When Jonathan Chase chanced upon a dinosaur being hauled on a trailer truck, he took photos and posted them on Facebook with a rather witty caption. Aiming to be funny without really revealing the punch line, he wrote this:
This is an outrage. This beautiful, endangered Tyrannosaurus Rex was bound to a trailer, unable to move for 30hrs. This is animal cruelty, at its worst. The perpetrators of this horrible act should be fined, and their rights to own exotic and domestic animals should be stripped from them.
Please help me raise awareness about this heinous injustice. Dinosaurs are animals too, and they deserve our love and care. How would you feel if you were bound to the back of a truck for 30hrs?
Share this photo and help bring a stop to cruelty towards our beloved Jurassic friends.
Did you get the joke? It is funny, right? However, as The DailyPedia pointed out, a lot of netizens just did not get the joke and could not understand why Chase posted a photo of a dinosaur, thinking it was for real.
The photos soon sparked a massive debate, with people putting in their opinions – ranging from how stupid Chase was for believing dinosaurs are real to explaining to Chase that dinosaurs have been extinct. Some were laughing after realizing the joke while others laughed at the “stupid” commenters who were trying to educate Chase about the existence of dinosaurs. There were also others who asked whether the photo was for real.

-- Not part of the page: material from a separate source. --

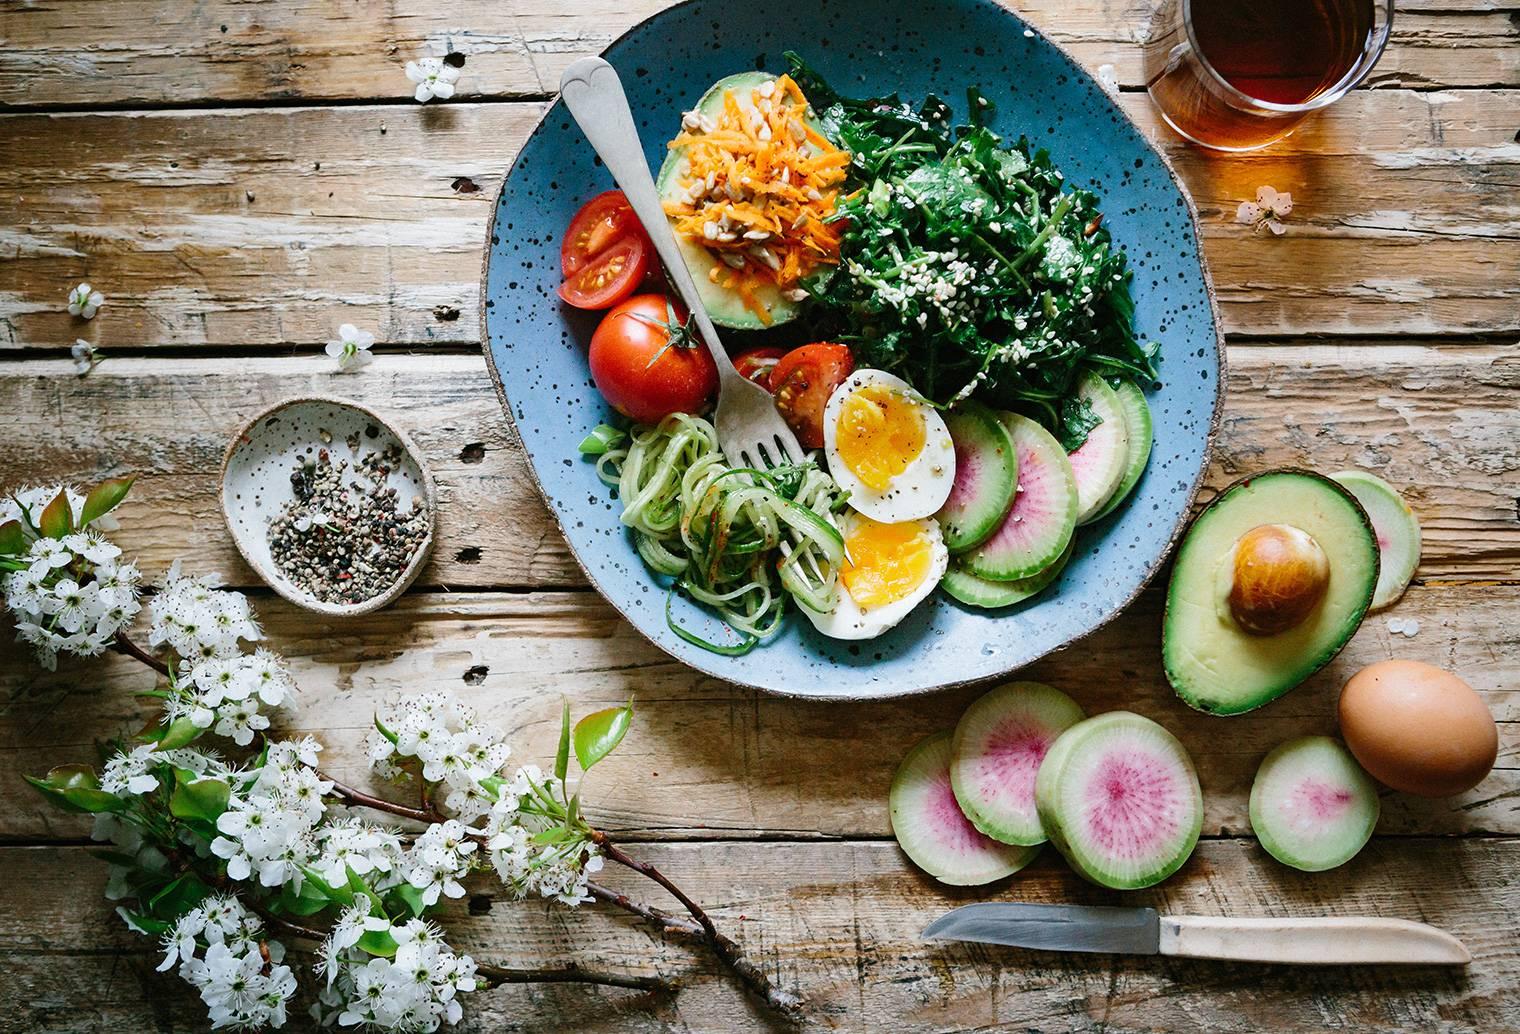 Cuisiner sainement : 12 ingrédients incontournables!

It is amazing how people fell for the joke – but more amazing that thousands of people just did not get the joke. Chase was hit for being stupid to believe that the T-rex he pictured bound for 30 hours had been real when, if you really read his caption, you would understand that he was delivering a joke with a straight face.
Of course, there were many people who got the joke and commented witty remarks about freeing the dinosaurs, taking one as pet, etc. They also crafted witty comebacks for those who were too serious to understand Chase’s post.
Satirical or Sarcastic Writing Style
Irony or sarcasm in writing has long been employed in literature. In fact, according to How Stuff Works, great writers such as Mark Twain, William Shakespeare, and Geoffrey Chaucer have employed the technique in various works. French philosopher Voltaire was also know to use sarcasm to prove his point or to disprove others.
The same article reveals, however, that “Sarcasm is often even less understood in online communication.” This holds true – just like the story of Chase’s dinosaur post. Many online readers often take what they read at face value, without realizing that the author had been using irony in the post.
The article perfectly sums it all up by repeating the axiom, “Sarcasm is the lowest form of wit, but the highest form of intelligence.”